- First tankōbon volume cover

誰か夢だと言ってくれ (Dareka Yume Dato Itte Kure)
- Genre: Boys' love
- Written by: Michelle
- Published by: Shueisha
- English publisher: NA: Yen Press;
- Imprint: Margaret Comics
- Magazine: Manga Mee
- Original run: March 30, 2021 – April 2, 2024
- Volumes: 10

= Be My Worst Nightmare! =

Japanese manga series

Be My Worst Nightmare! (誰か夢だと言ってくれ, Dareka Yume Dato Itte Kure) is a Japanese manga series written and illustrated by Michelle. It was serialized on Shueisha's Manga Mee website from March 2021 to April 2024, with its chapters compiled into ten tankōbon volumes.

==Synopsis==
Sayo Hoshikawa suffers from a complex due to his short stature. One day, when he witnesses his crush get turned down by a tall boy named Mashiba, he challenges him to a series of contests which goes in Mashiba's favor. Later, Mashiba calls him cute, which disgusts Sayo. Afterwards, Sayo starts having dreams about Mashiba.

==Publication==
Written and illustrated by Michelle, Be My Worst Nightmare! was serialized on Shueisha's Manga Mee website from March 30, 2021, to April 2, 2024. Its chapters were compiled into ten tankōbon volumes released from March 25, 2022 to June 25, 2024.

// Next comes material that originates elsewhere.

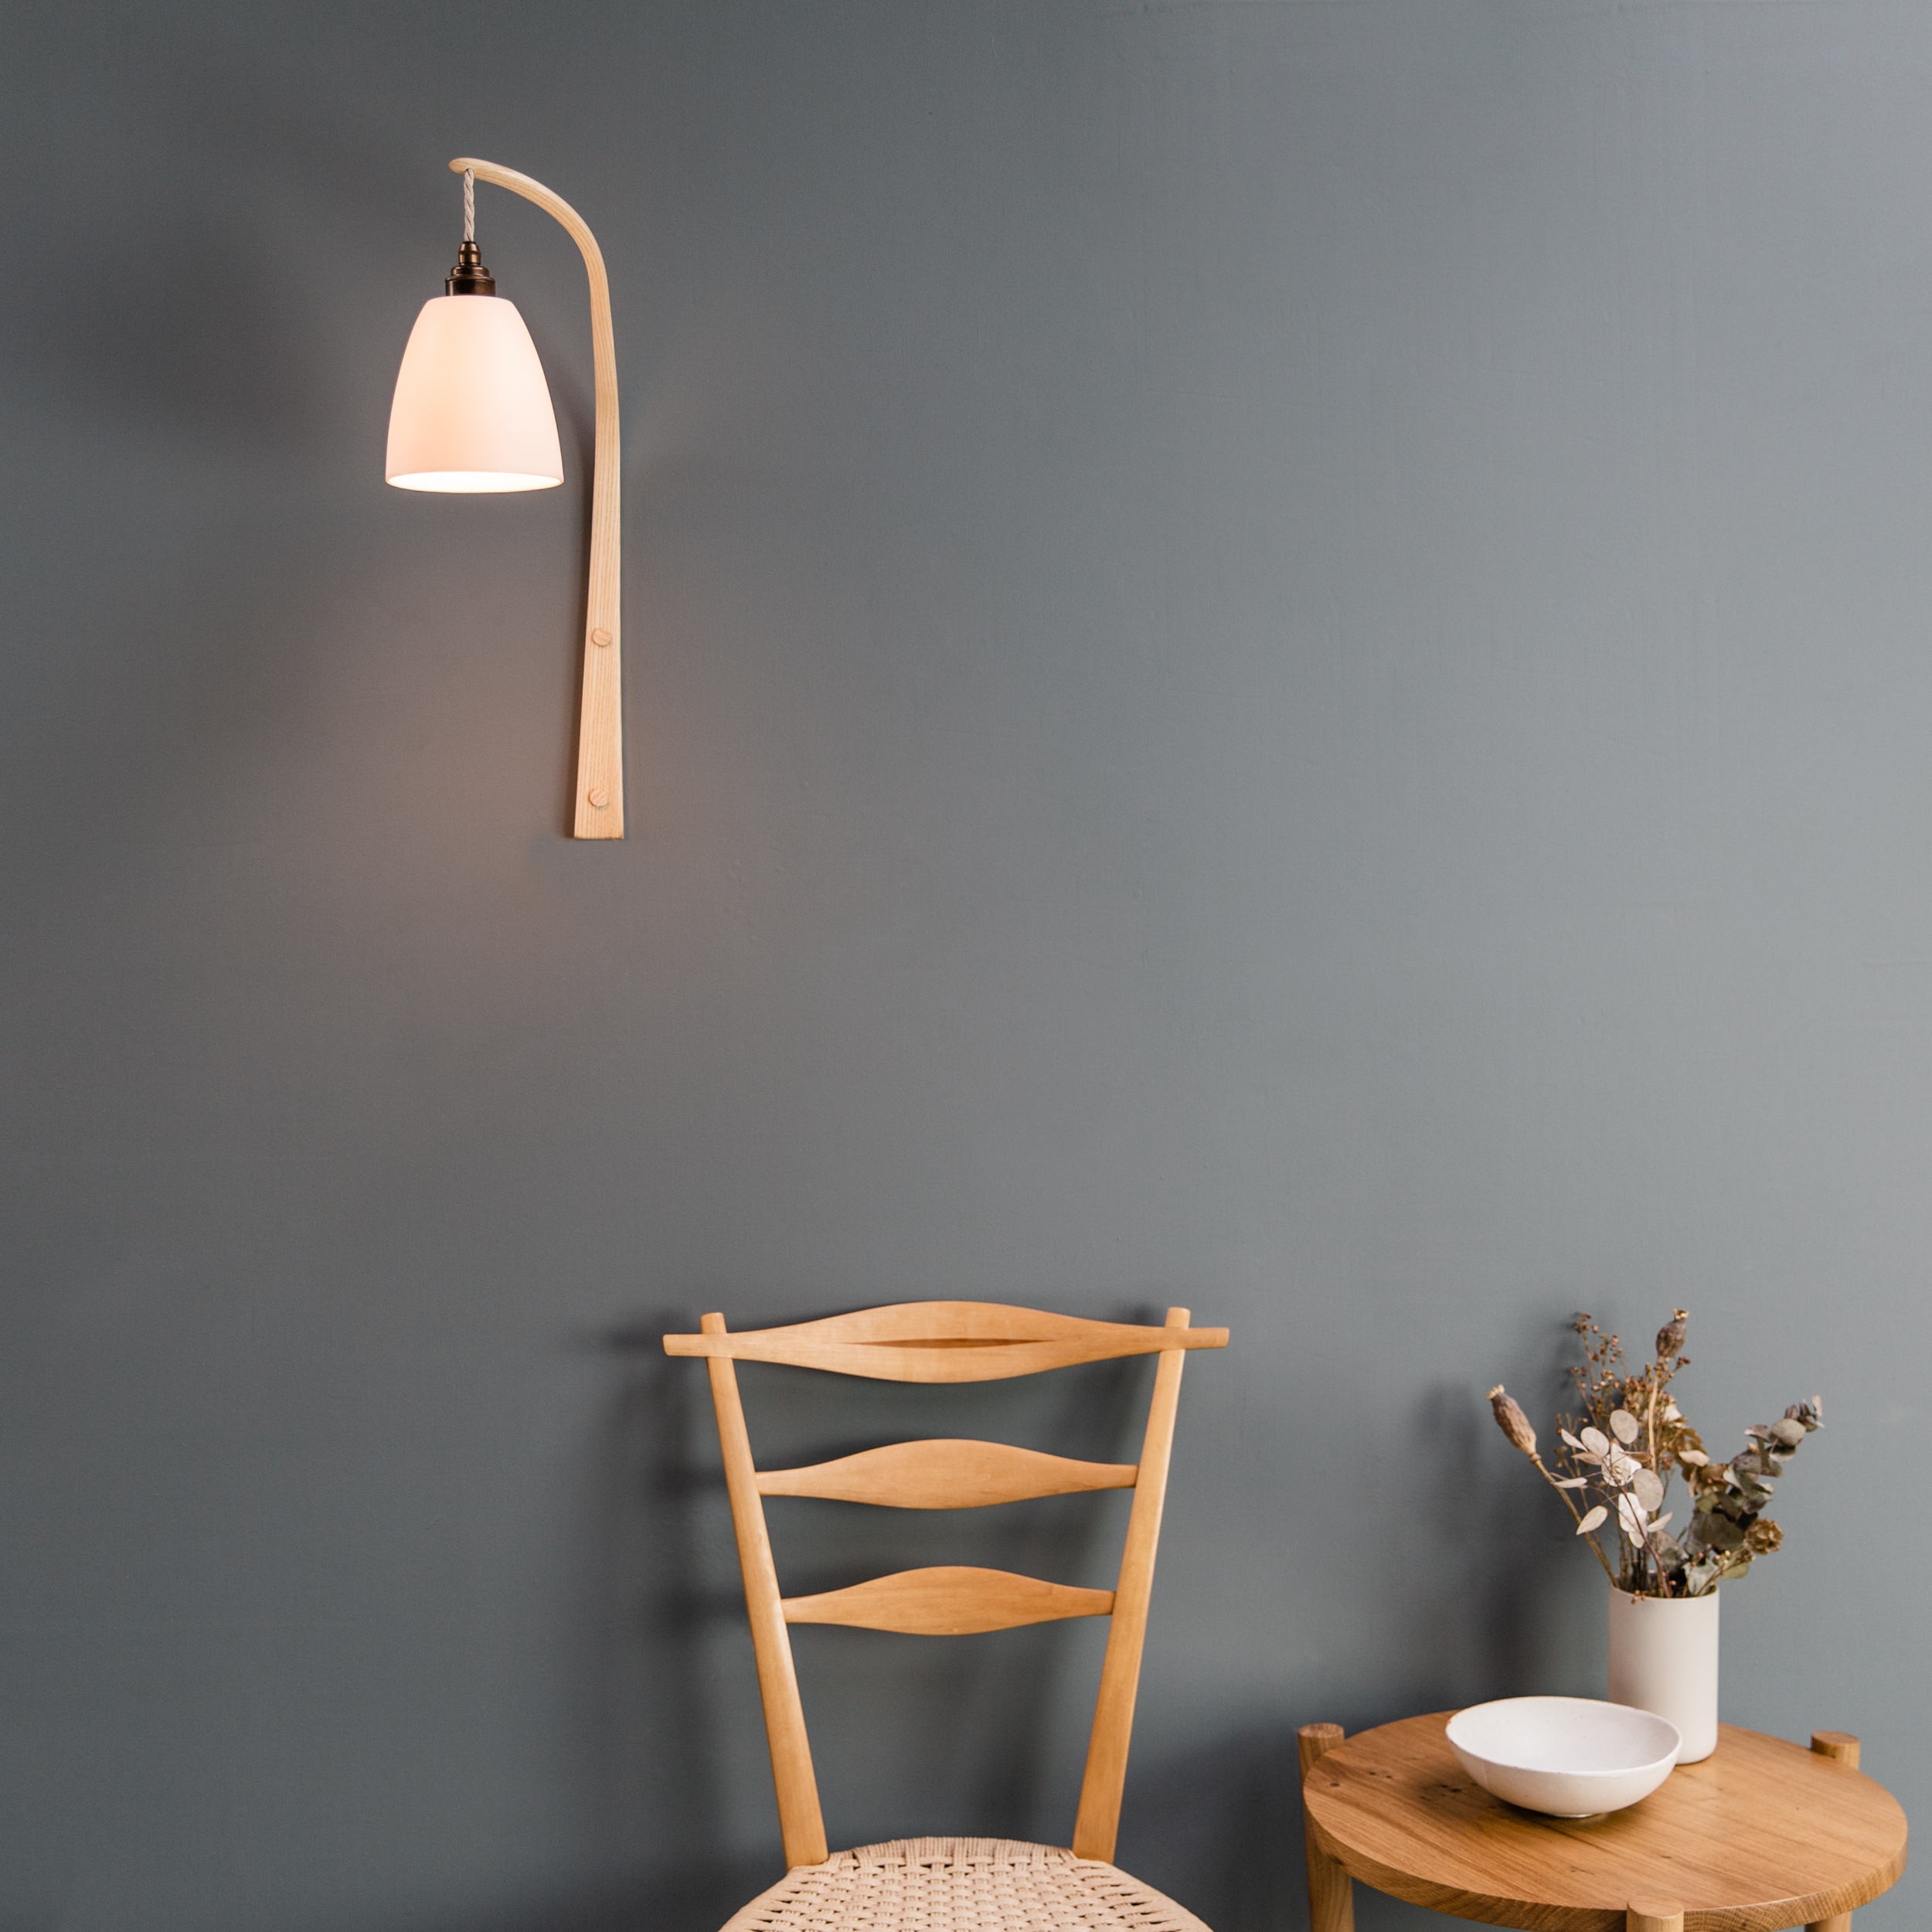 small wall light-3-5WEB SIZE.jpg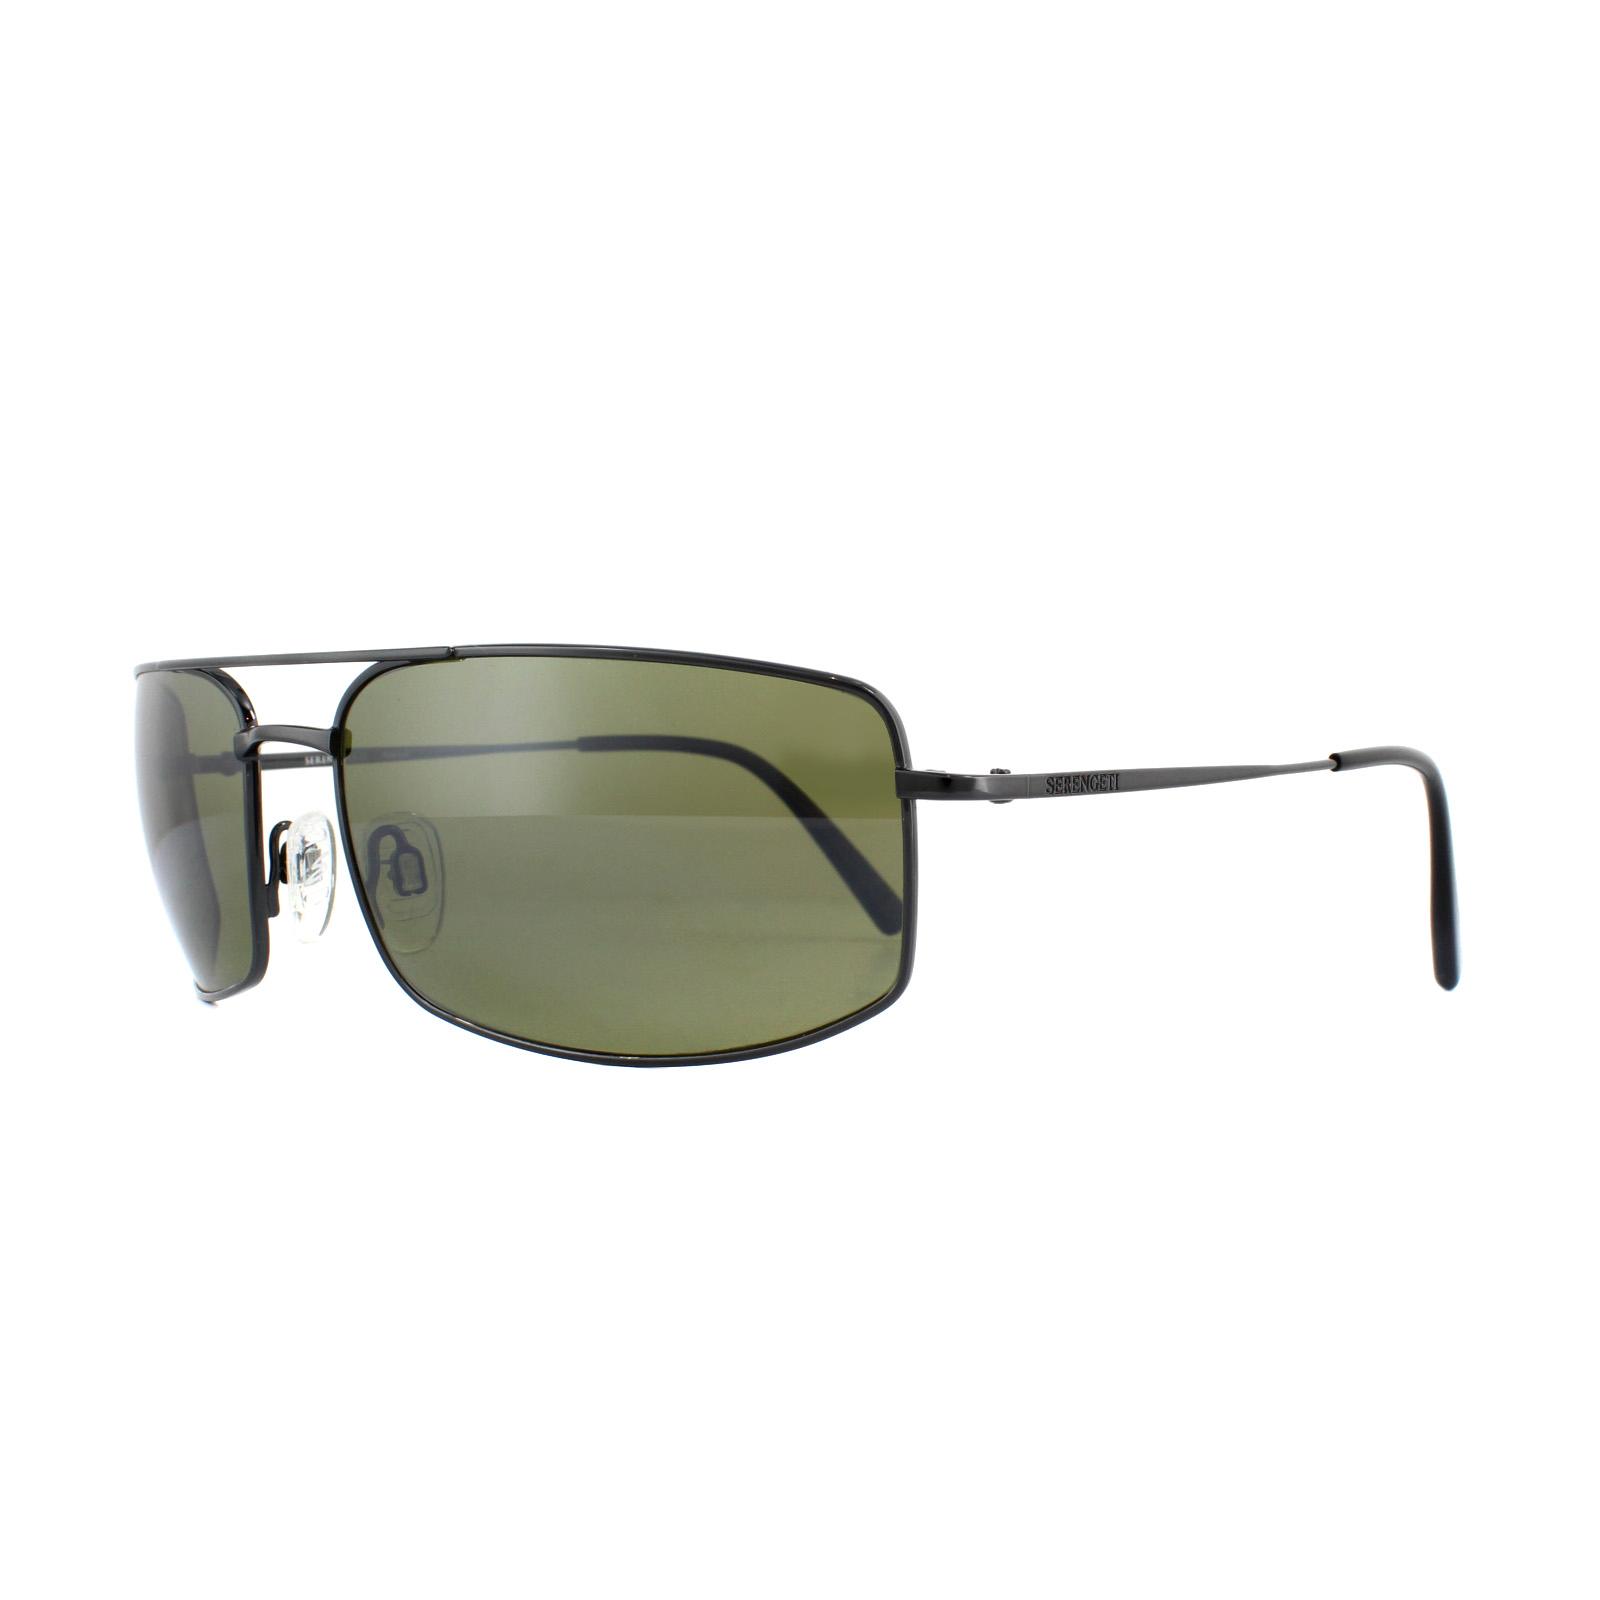 0be2e878ce7 Sentinel Serengeti Sunglasses Treviso 8303 Shiny Dark Gunmetal 555nm Green  Polarized

During their panel at Anime Expo 2024, Yen Press announced that they had licensed the series for English publication, with the first volume being released in December 2024.

| No. | Original release date | Original ISBN | North American release date | North American ISBN |
| 1 | March 25, 2022 | 978-4-08-855192-0 | December 10, 2024 | 978-1-97-539754-8 |
| Chapters 1–6.5; | Bonus; |
| 2 | March 25, 2022 | 978-4-08-855193-7 | April 22, 2025 | 978-1-97-539756-2 |
| Chapters 7–12; | Side stories; Bonus; |
| 3 | June 23, 2022 | 978-4-08-855195-1 | August 26, 2025 | 978-1-97-539758-6 |
| Chapters 13–18; | Chapters 13.5, 17.5 and 18.5; Bonus; |
| 4 | September 22, 2022 | 978-4-08-855201-9 | March 24, 2026 | 978-1-97-539760-9 |
| Chapters 19–24; | Chapter 22.5; Bonus; |
| 5 | December 23, 2022 | 978-4-08-855202-6 | January 26, 2027 | 978-1-97-539762-3 |
| 6 | March 24, 2023 | 978-4-08-855206-4 | — | — |
| 7 | June 23, 2023 | 978-4-08-855207-1 | — | — |
| 8 | October 25, 2023 | 978-4-08-855215-6 | — | — |
| 9 | February 22, 2024 | 978-4-08-855216-3 | — | — |
| 10 | June 25, 2024 | 978-4-08-855225-5 978-4-08-855226-2 (SE) | — | — |

==Reception==
The series was ranked 6th in AnimeJapan's 6th "Most Wanted Anime Adaptation" poll in 2023. The series, alongside 10 Things I Want to Do Before I Turn 40, won the BL Comic Prize at NTT Solmare's Digital Comic Awards 2024.